The  grounds of the dairy include:
Circuit d'Alpenrose, a velodrome, one of only 25 such tracks in the United States. The track was built to host the 1967 National Championships.  At 268.43 meters around with a  radius and a 43-degree bank, Alpenrose is one of the steepest velodromes in the country. Alpenrose is home to the only North American Six-day race. It hosts races all summer, and annually draws the largest velodrome crowd in North America for the Alpenrose Challenge, in mid-July.

Alpenrose Field, the site of baseball and softball games, including Little League Softball World Series games, from 1956-2019.
Dairyville, a replica of a western frontier town, with false-front shops, a doll museum, an ice cream parlor, a harness-maker's store, a music shop, and a 600-seat opera house with a pipe organ (with 4000 pipes).
A quarter-midget racing arena.

Products from Alpenrose include milk, ice cream, eggs, and various cultured dairy products.

Dairyville 

Dairyville was added to Alpenrose sometime in the 1960s.

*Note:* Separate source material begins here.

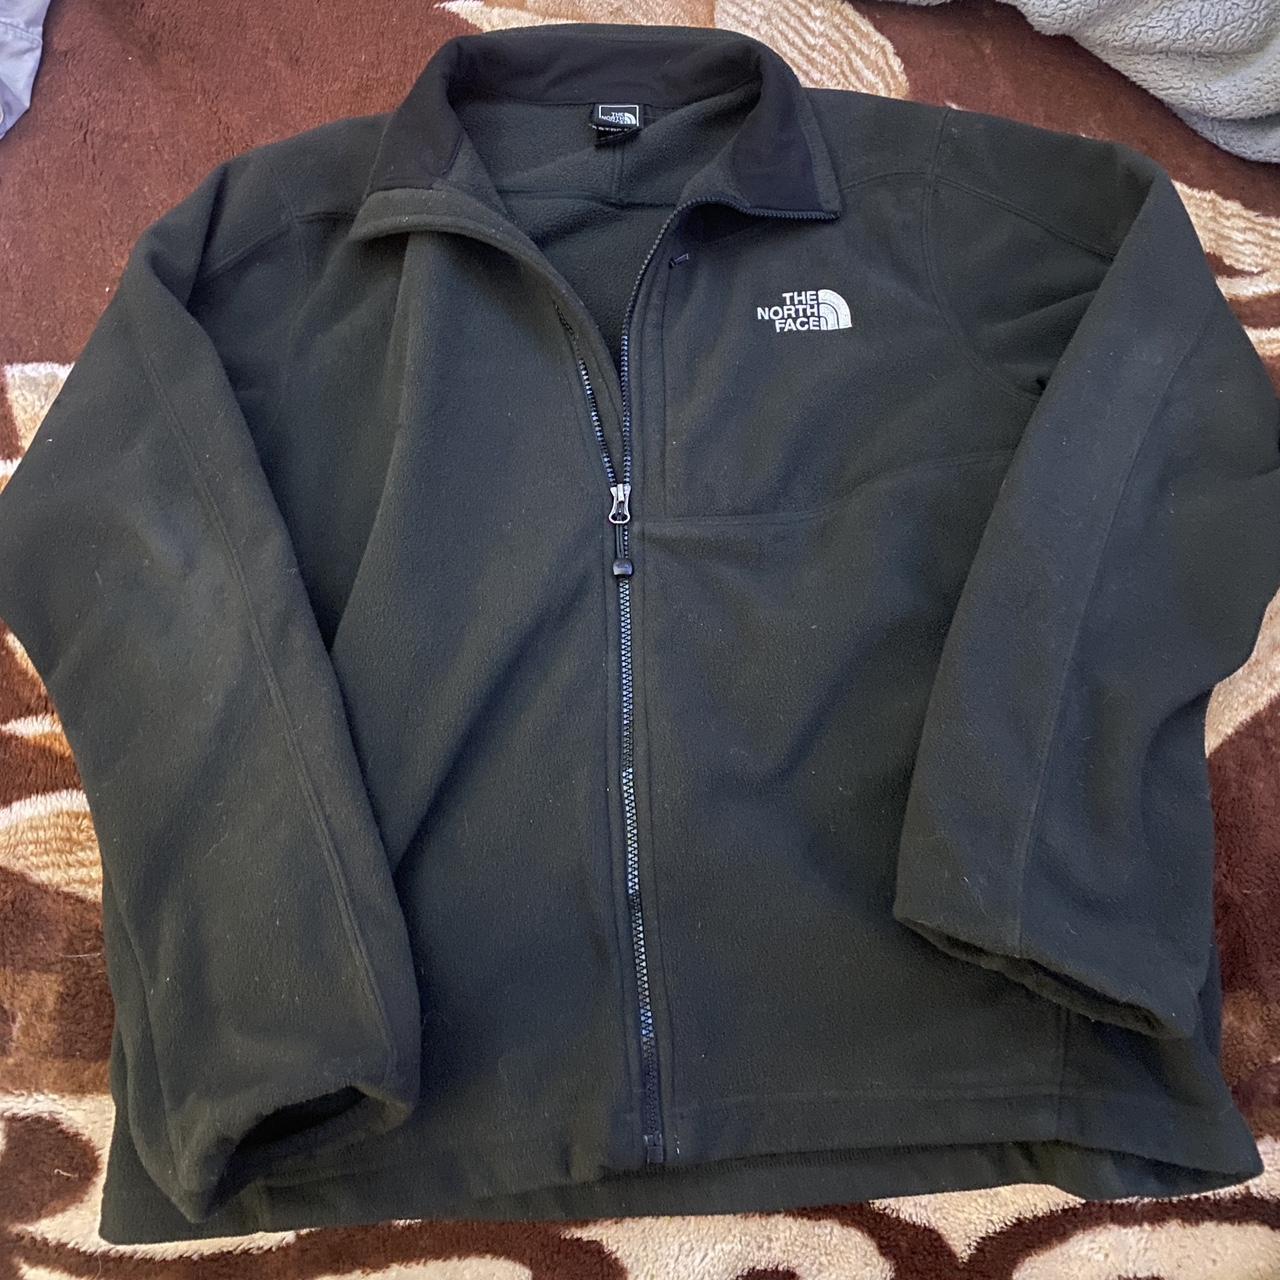 vintage North Face fleece jacket good condition... - Depop

As stated above, the replica frontier town consists of a few streets of false front stores, a doll museum, an ice cream parlor, a music shop and a 600-seat opera house. The theater's pipe organ was salvaged from the Portland Civic Auditorium. Dairyville is typically open to the public on holidays and during the summer months.

For decades, Dairyville has hosted an annual holiday event called "Christmas in Dairyville." In addition to a gift shop and a house where children can have their photos taken with Santa Claus, there's also "Storybook Lane," an elaborate, walk-through attraction. Visitors wander through a snowy, moonlit mock-village inhabited by farm animals and displays based on Mother Goose's fables. The attraction also includes a tiny fire station for kids to play in. Elsewhere on the property, choir groups from local schools perform. Dairyville's opera house also hosts nightly screenings of comedy shorts featuring The Three Stooges and Laurel and Hardy, along with more contemporary entertainment like the 2004 film adaptation of The Polar Express. The event ended its annual run in 2005 but returned again for the 2011 Christmas season.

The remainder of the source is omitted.